Governor Theodore Orji was the Chief of Staff to the former governor Dr. Orji Uzor Kalu who got him elected as his successor. Indeed, it will matter to all to remember that Theodore Orji won his governorship while still in EFCC detention chambers in Lagos where he had been kept on charges of financial impropriety. In what qualified as Rambo theatricals that combined an inattentive judiciary and political permutations, Theodore Orji got sworn-in as Abia Governor inside the state’s liaison office in Lagos. This was done to preclude the contingency of the EFCC re-arresting him.
As it turned out, impunity became Theodore Orji’s middle name the moment he acquired the toga of gubernatorial immunity. In another nine months, Theodore Orji would have done eight years as Abia State Governor. It is disappointing that all he has for legacy after all these years is the damning censure that Prince Arthur Eze publicly administered upon him. Well, it is in his best interest to bear in mind that, once out of power, the warmth of political hirelings and praise singers will melt away like wax in extreme heat.

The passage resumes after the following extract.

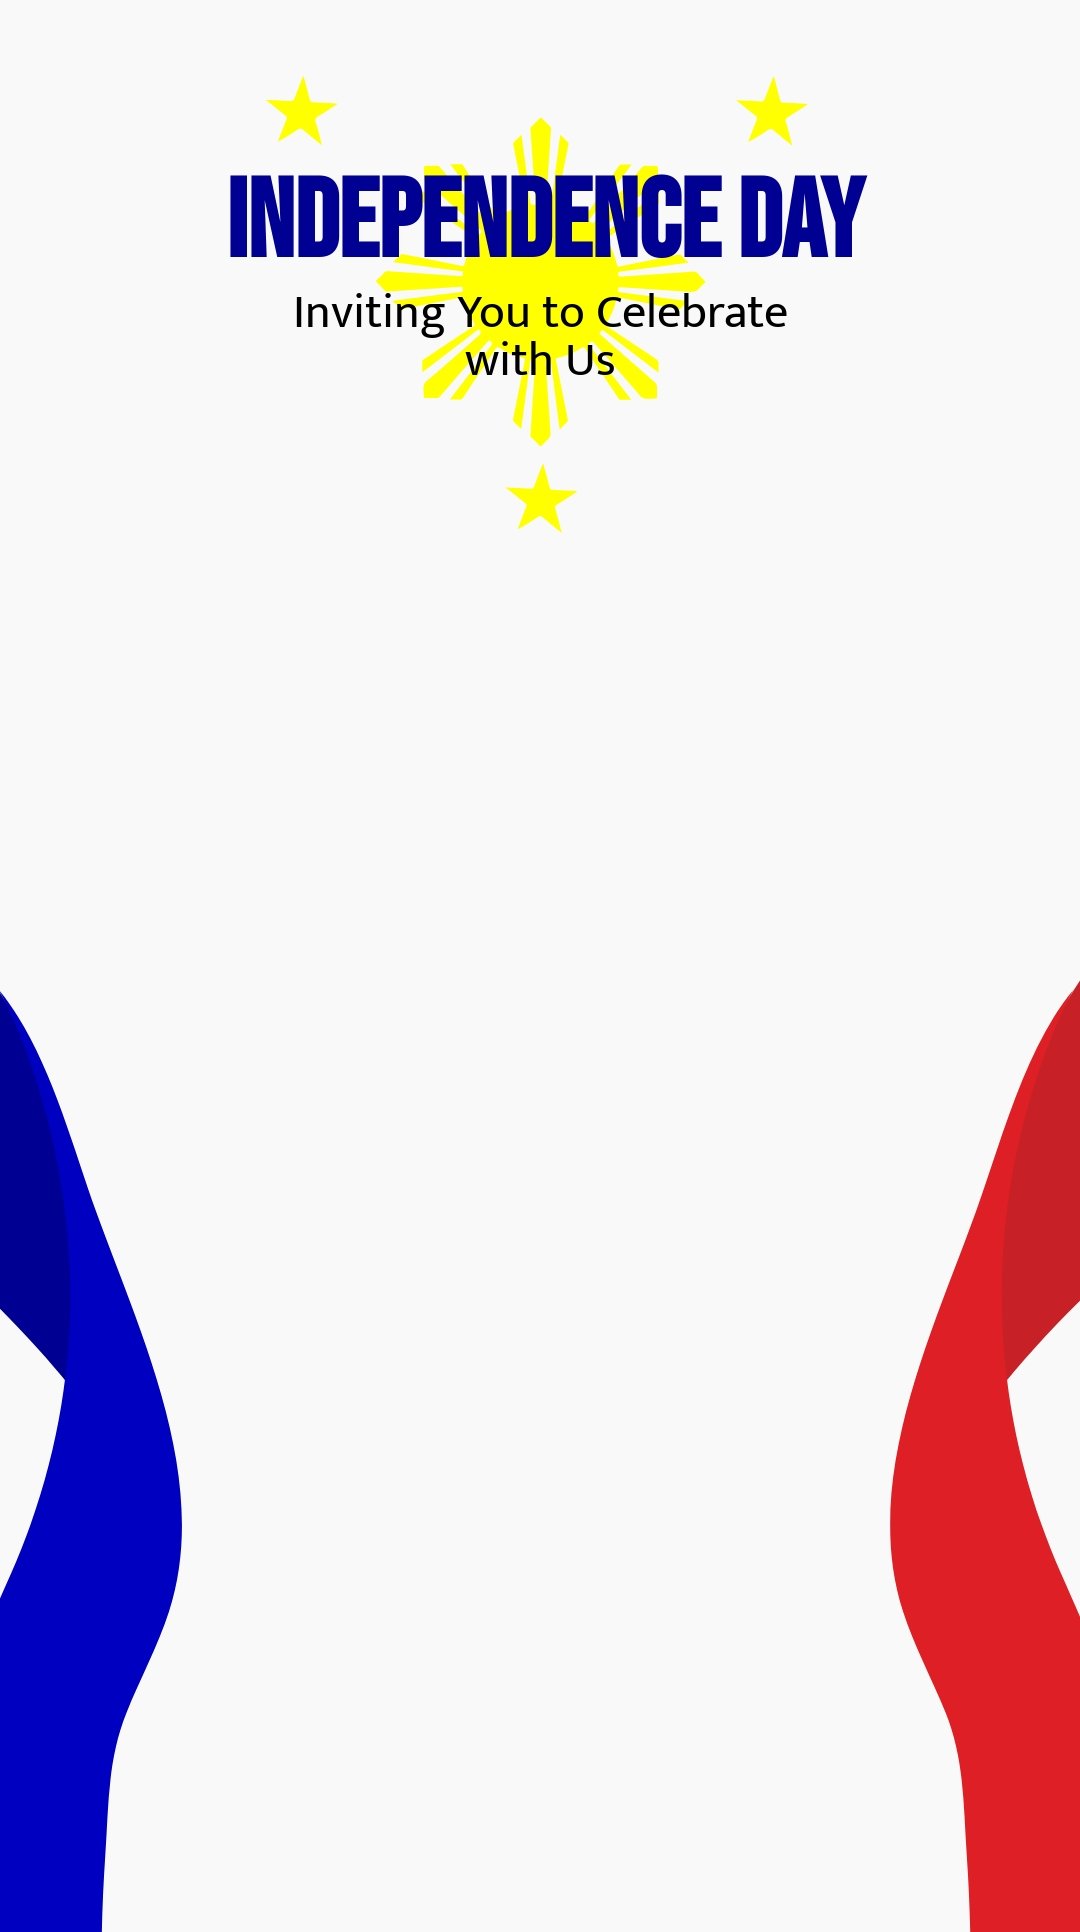 Philippines Independence Day Invitation Snapchat Geofilter Template.jpe

Then will he realize that the arms of prisons are still wide open for those deserving of its disorienting embrace. As apposite as the points raised by Prince Eze are, many other “sins of Theodore” cry to the heavens for expiation. He has severally been accused of having handed over the state apparatus to his son, a fellow who goes by the sobriquet of Ikuku (Wind!) and who, in league with a battalion of “bodyguards” has allegedly converted Abia State into a frighteningly highhanded political enclave.